For this 5 timepoint grouping I have been based on the plotMDS results and the DE analyses between times. And here comes my next question:
- From what data should MDS plots be done: raw counts or normalized counts? I would say normalized data cause they take into account lib. sizes. The point is I don't obtain the same results when running next commands:
# First one DGE <- calcNormFactors(DGE, method = "TMM") plotMDS(DGE)
# Second one DGE_norm <- tmm(DGE$counts, long = 1000, lc = 0, k = 0) plotMDS(DGE_norm)

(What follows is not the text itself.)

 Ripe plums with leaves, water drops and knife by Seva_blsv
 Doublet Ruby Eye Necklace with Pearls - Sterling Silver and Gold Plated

calcNormFactors() doesn't actually normalize the counts, just calculates the normalization factor. However in the edgeR manual (https://www.bioconductor.org/packages/devel/bioc/vignettes/edgeR/inst/doc/edgeRUsersGuide.pdf), sections 4.1.4 and 4.1.5, the pass to limma::plotMDS() this normalized DGElist, such as the first comand above. Doing that I obtain the same MDS plot that with the raw counts (the raw DGElist without doing calcNormFactors()). The second command does generate a different plot. I could attach the plots if someone ask for them.
I'm interested in knowing how my samples group because I need to reduce the timepoints from 12 to 4-6 in order to use maSigPro.